There are also several notable books out there to add colour and background, as well as relevant context and critique around the social, political and economic conditions of the time, and I’ll be making my way through those over the strike period (and probably beyond): Darvall’s Popular Disturbances and Public Order in Regency England” (based on his PhD thesis), and Hammond & Hammond’s The Skilled Labourer, 1760-1832, for example. (Another, more recent, PhD thesis that looks relevant for dipping into the archives is Bend’s 2018 thesis, The Home Office and public disturbance, c. 1800-1832.)
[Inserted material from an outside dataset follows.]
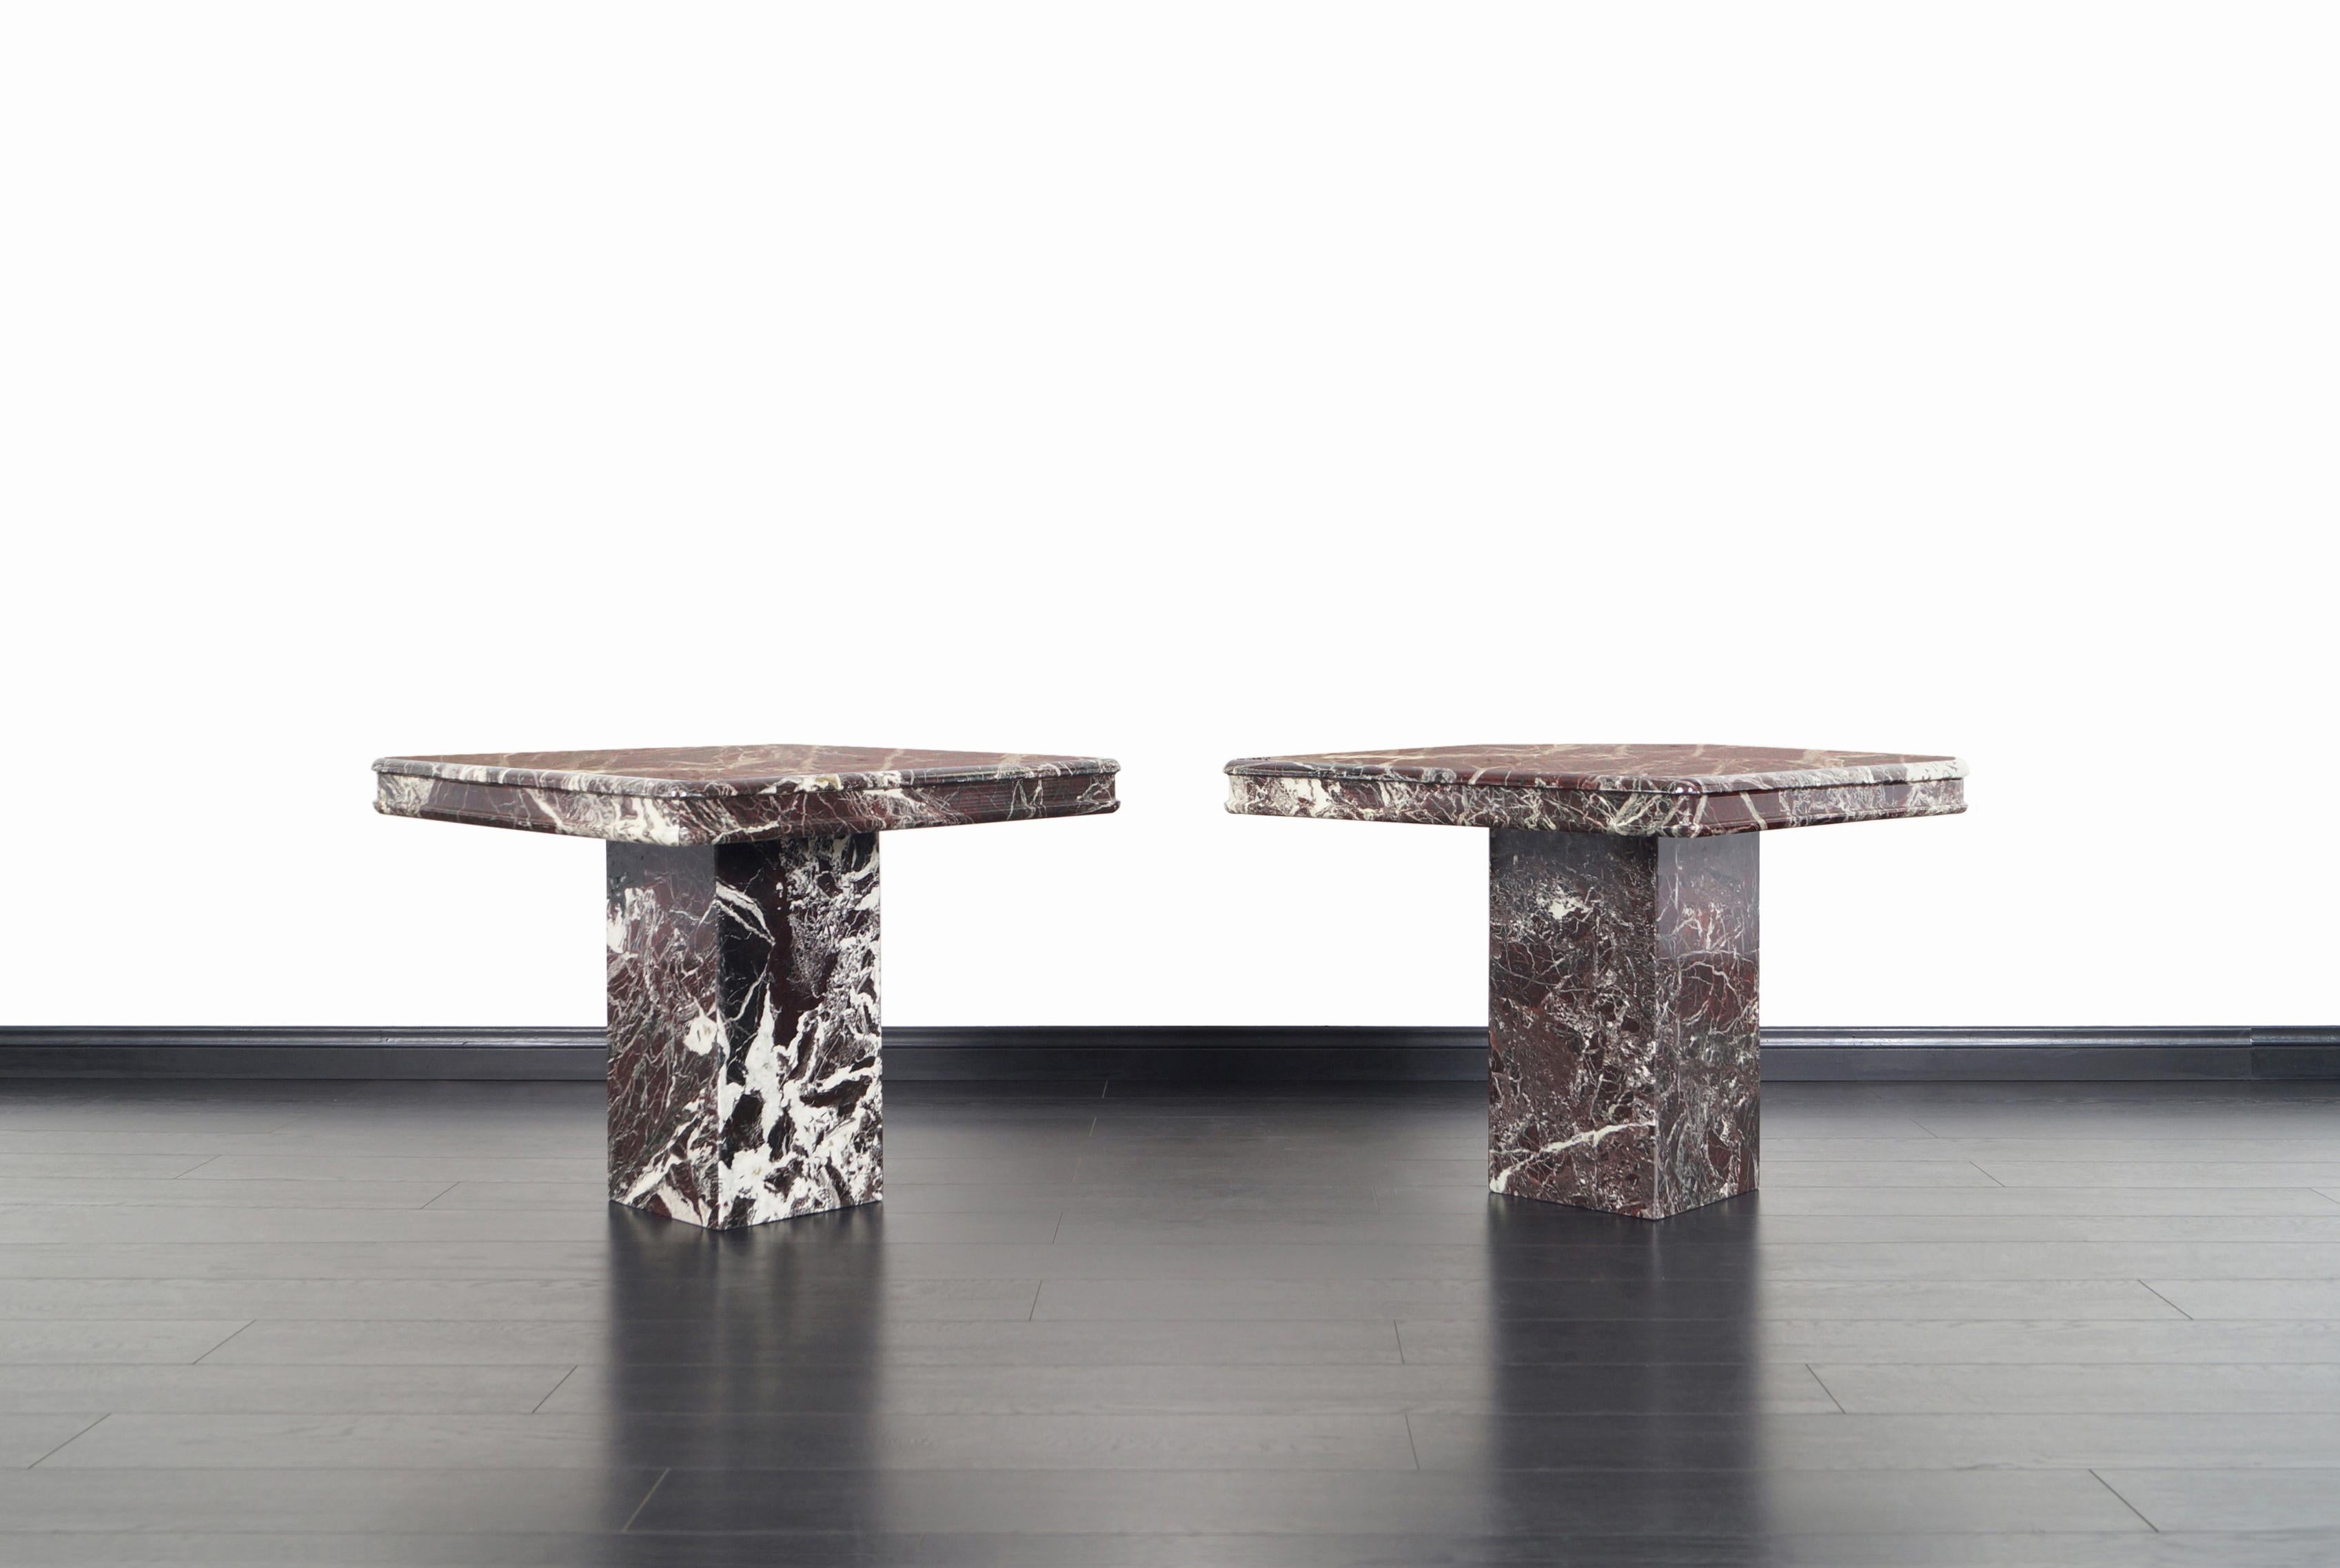 Pair of beautiful vintage marble side tables / end tables manufactured in Italy, circa 1980s. Simple and Minimalist style along the rich veining and color combination distinguishes these tables as an element of the highest quality. The tables have a

As far as original documents go, the Home Office archives HO 40/1 The Luddite riots – reports and HO 40/2 The Luddite riots – military reports are where I’m starting, and which are perhaps most immediately relevant. (Additional Home Office records can be found via the National Archives here, or search the National Archives using references of the form HO-42-19.) I can’t quite thoile getting Writings of the Luddites just now, but I’m intrigued as to what’s in it… (Please feel free to buy and ship me a copy from my wishlist… Or anything else from on there, for that matter, it being Christmas upcoming and all that…;-)

There are probably lots of other Home Office collections that contain relevant stuff, but I’ll be relying on secondary sources to give me rather more targeted initial hooks into those…
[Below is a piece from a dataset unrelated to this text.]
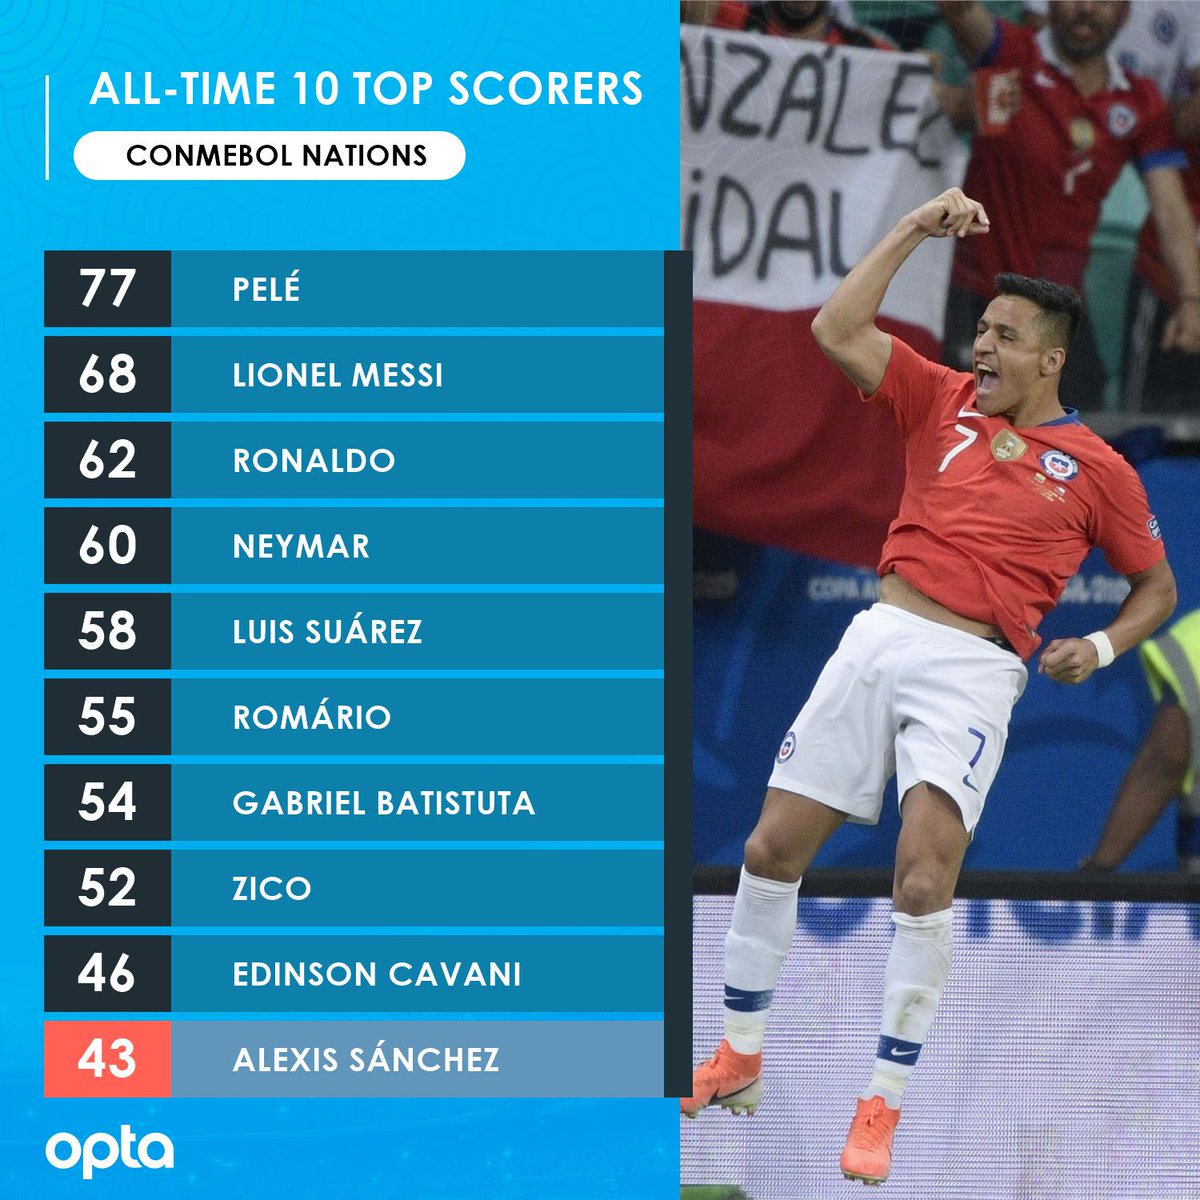 Optajavier 43 Apart From Being The 10th South American Player With The Most Caps In History Alexis Sanchez Is The 10th All Time Top Scorer Among South American Nations

One of the things I am finding quite tricky is actually reading the handwritten script (palaeographer, I am not..). Someone has obviously read the originals in compiling posts on the Luddite Centenary blog, but I haven’t been able to find the original transcripts anywhere.

One thing I have been using to support my own transcription (using the Luddite Centenary posts as a crib, I have to admit!) is Transkribus, which I found via a British Library site, I think, an EU funded project that provides a cross-platform app for supporting the transcription of hand-written docs. (I had considered trying to build my own tool chain, but this was much easier!)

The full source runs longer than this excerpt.